In Mathematica, it's only possible to texture map a sphere through the use of SphericalPlot3D or ParametricPlot3D.



image = Import["MyTexture.jpg"]; (* Pretend this is something you'd use *)

sphere = SphericalPlot3D[1, {theta, 0, Pi}, {phi, 0, 2 Pi},
Mesh -> None, TextureCoordinateFunction -> ({#5, 1 - #4} &),
PlotStyle -> Directive[Texture[image]],
Lighting -> "Neutral", Axes -> False, Boxed -> False];

Now that's all nice and everything. But what if we want multiple spheres on the same exact image, each with an arbitrary size? To position a single sphere is simple:


s1 = Graphics3D[
Translate[First@sphere, {3, 2, 1}],

Lighting -> "Neutral"]

Then you just position each sphere and Show them together:


Show[{s1, s2}, PlotRange->{{-5, +5}, {-5, +5}, {-5, +5}}]



The Issue


That's great and all, but what if you need each sphere to be a distinct size? Positioning and sizing regular Sphere[] primitives is easy and built directly into their definition.


But if I want the same for a textured sphere, I have to jump through all these hoops.
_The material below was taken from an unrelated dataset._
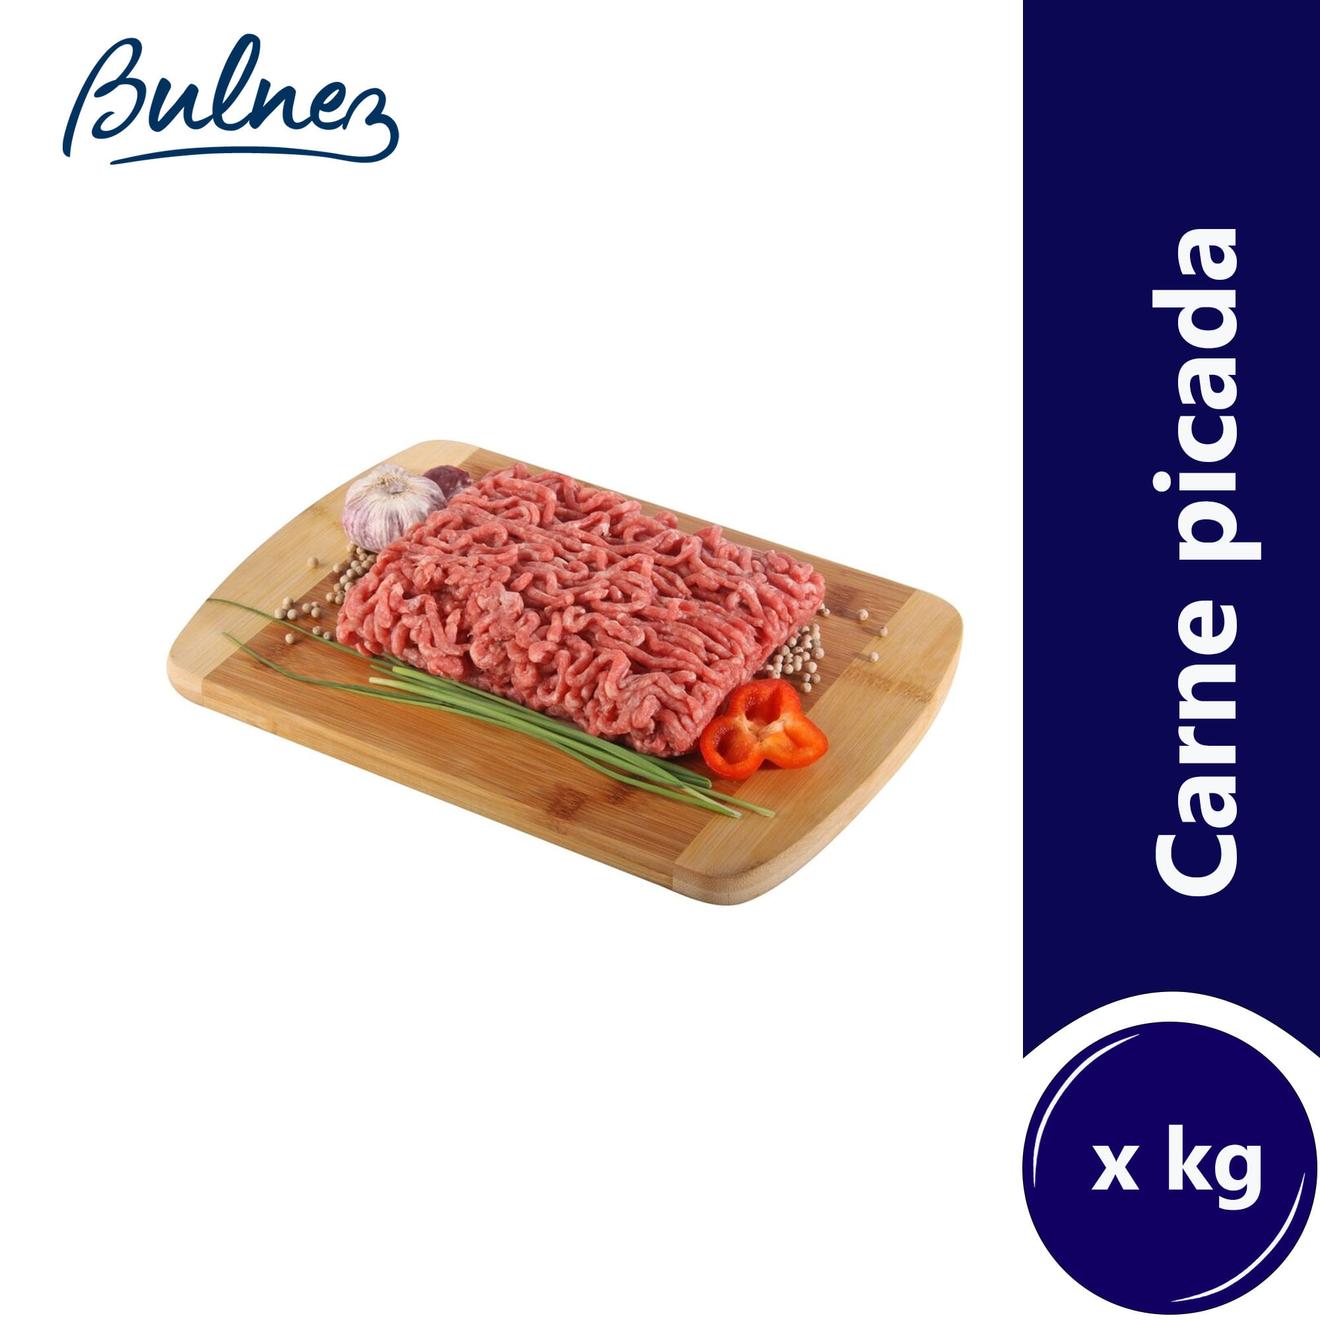 Oferta de Carne picada Bulnez x kg. por $2749 en Carrefour

Furthermore, it's not obvious how I can achieve this.


Any ideas on how I can achieve arbitrary placement and sizing of textured spheres?




Answer



You could use a combination of Translate and Scale. Suppose the radii and centres of the circles are given by


radii = RandomReal[{.1, .6}, 8];
centres = RandomReal[{-2, 2}, {8, 3}];

Then using the original sphere


image = ExampleData[{"ColorTexture", "GiraffeFur"}];
sphere = SphericalPlot3D[1, {theta, 0, Pi}, {phi, 0, 2 Pi}, Mesh -> None,
TextureCoordinateFunction -> ({#5, 1 - #4} &),
PlotStyle -> Directive[Texture[image]], Lighting -> "Neutral",

Axes -> False, Boxed -> False];

You could do for example


Graphics3D[MapThread[Translate[Scale[sphere[[1]], #1], #2] &, {radii, centres}]]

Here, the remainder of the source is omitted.